On 2022/2/9 16:43, Maxime Ripard wrote:
On Fri, Feb 04, 2022 at 12:29:39AM +0800, Sui Jingfeng wrote:
+static int lsdc_modeset = 1;
+MODULE_PARM_DESC(modeset, "Enable/disable CMA-based KMS(1 = enabled(default), 0 = disabled)");
+module_param_named(modeset, lsdc_modeset, int, 0644);
+
+static int lsdc_cached_coherent = 1;
+MODULE_PARM_DESC(cached_coherent, "uss cached coherent mapping(1 = enabled(default), 0 = disabled)");
+module_param_named(cached_coherent, lsdc_cached_coherent, int, 0644);
+
+static int lsdc_dirty_update = -1;
+MODULE_PARM_DESC(dirty_update, "enable dirty update(1 = enabled, 0 = disabled(default))");
+module_param_named(dirty_update, lsdc_dirty_update, int, 0644);
+
+static int lsdc_use_vram_helper = -1;
+MODULE_PARM_DESC(use_vram_helper, "use vram helper based solution(1 = enabled, 0 = disabled(default))");
+module_param_named(use_vram_helper, lsdc_use_vram_helper, int, 0644);
+
+static int lsdc_verbose = -1;
+MODULE_PARM_DESC(verbose, "Enable/disable print some key information");
+module_param_named(verbose, lsdc_verbose, int, 0644);
It's not really clear to me why you need any of those parameters. Why
would a user want to use a non coherent mapping for example?

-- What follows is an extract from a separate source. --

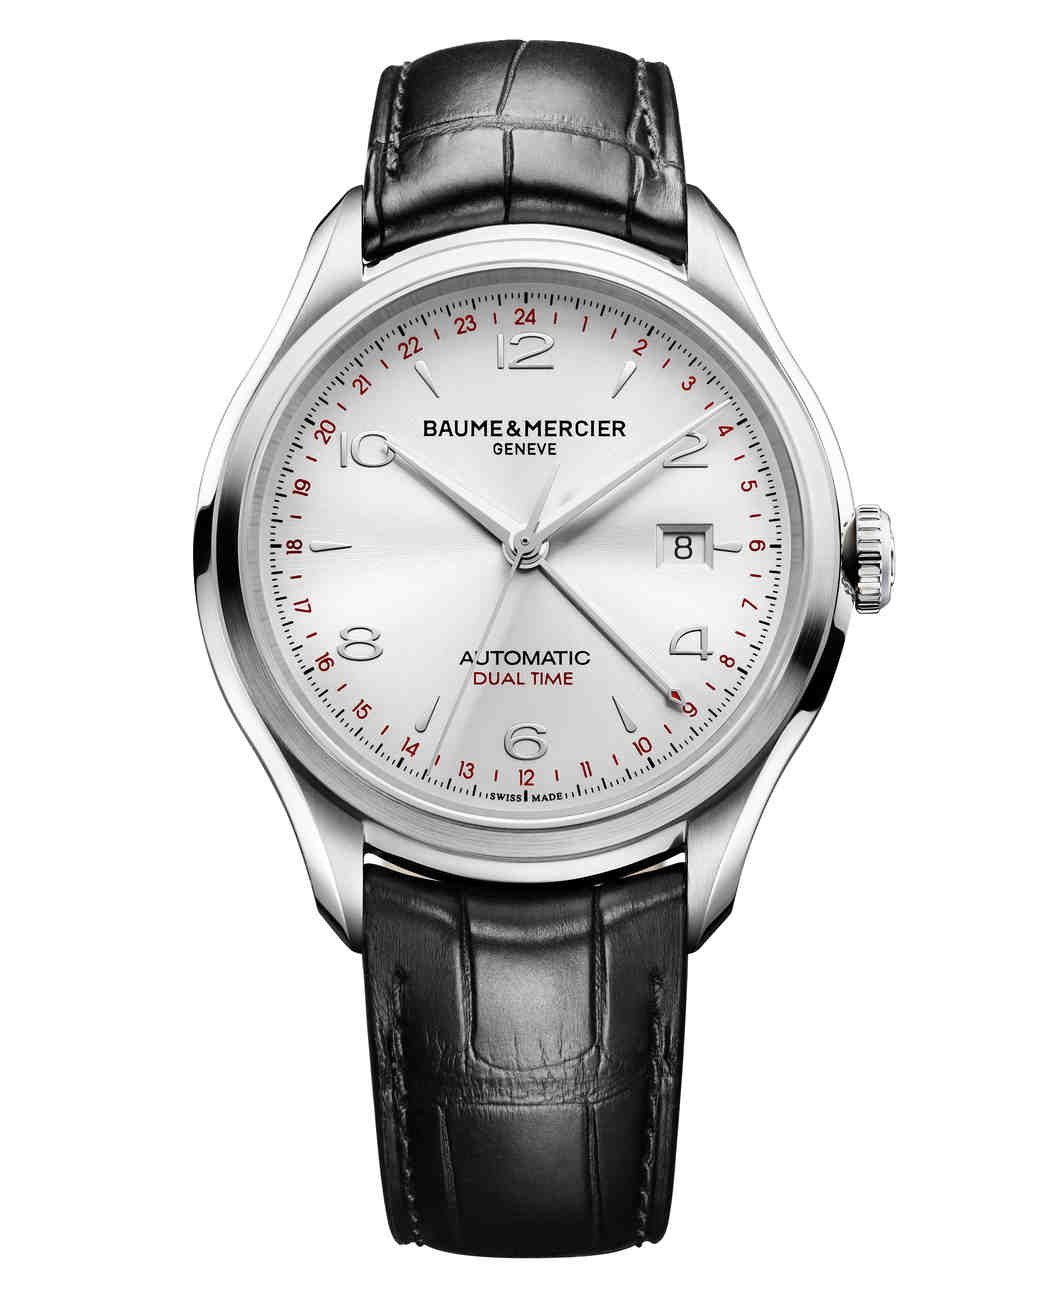 baume-mercier-watch-clifton-10112-soldat-0514.jpg
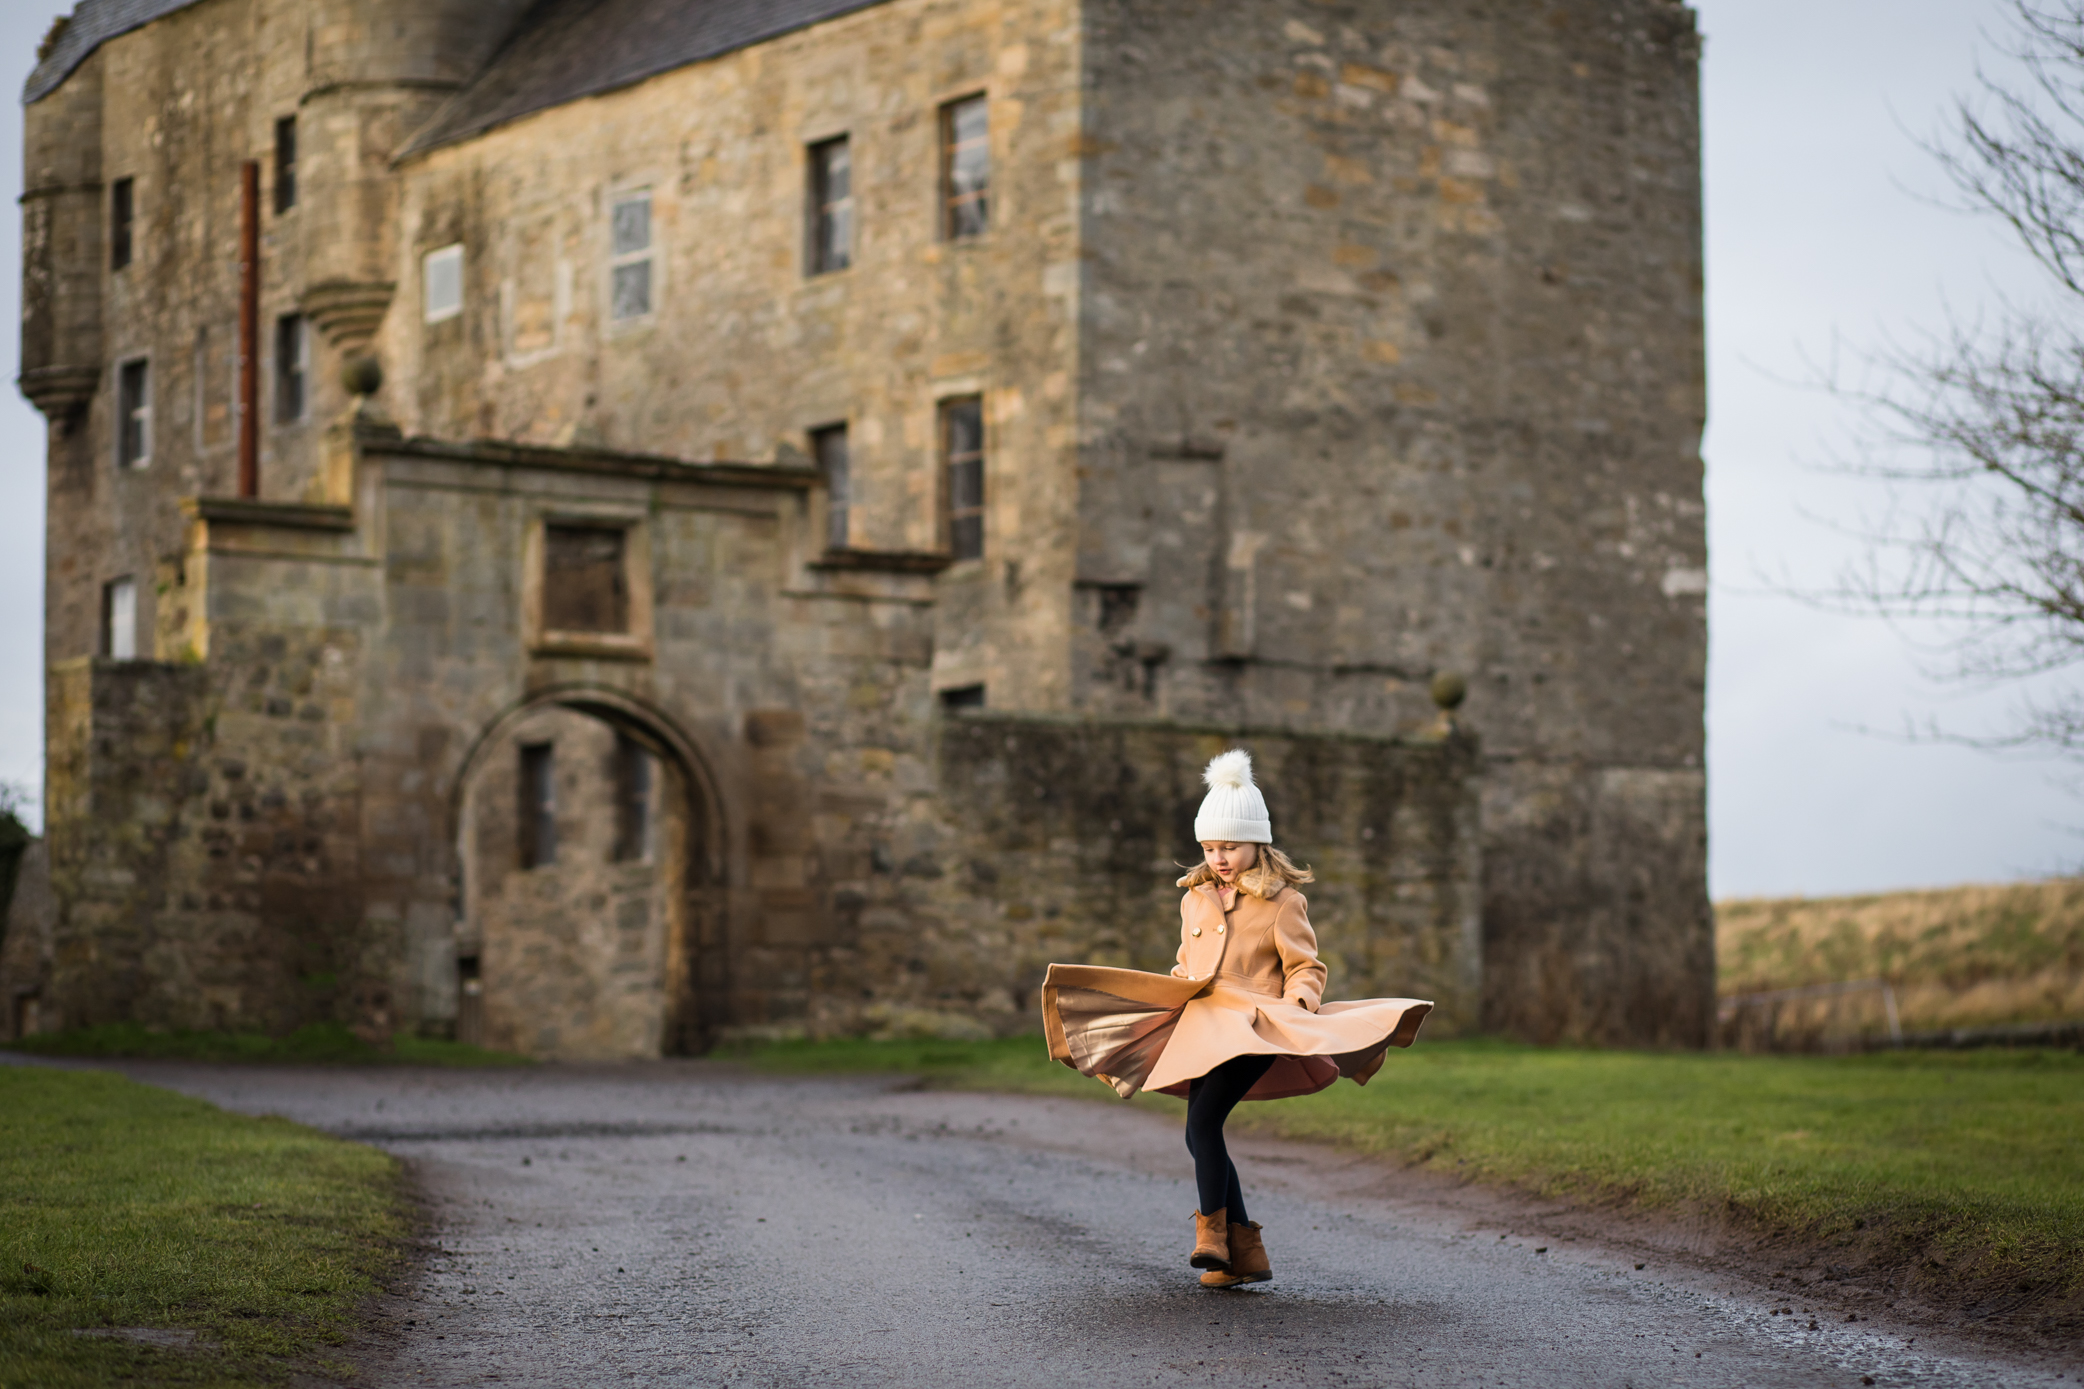 Outlander filming location - Midhope Castle (Lallybroch)

Because we are Mips architecture. Paul Cercueil already explained it
in his mmap GEM buffers cachedpatch <https://lkml.kernel.org/lkml/20200822164233.71583-1-paul@xxxxxxxxxxxxxxx/T/>. I drag part of it to here for
convenient to reading:
/Traditionally, GEM buffers are mapped write-combine. Writes to the buffer
are accelerated, and reads are slow. Application doing lots////of
alpha-blending paint inside shadow buffers, which is then memcpy'd////into
the final GEM buffer.///
"non coherent mapping" is actually cached and it is for CMA helpers
base driver, not for VRAM helper based driver. For Loongson CPU/SoCs.
The cache coherency is maintained by hardware, therefore there no
need to worry about coherency problems. This is true at least for
ls3a3000, ls3a4000 and ls3a5000.
"non coherent" or "coherent" is not important here, the key point is
that the backing memory of the framebuffer is cached with non coherent
mapping, you don't need a shadow buffer layer when using X server's
modesetting driver.
Read and write to the framebuffer in system memory is much faster than
read and write to the framebuffer in the VRAM.
Why CMA helper based solution is faster than the VRAM based solution on Mips platform?
Partly because of the CPU have L1, L2 and L3 cache, especially L3 cache
is as large as 8MB, read and write from the cache is fast.
Another reason is as Paul Cercueil said, read from VRAM with write-combine
cache mode is slow. it is just uncache read.
Please note that we don't have a GPU here, we are just a display controller.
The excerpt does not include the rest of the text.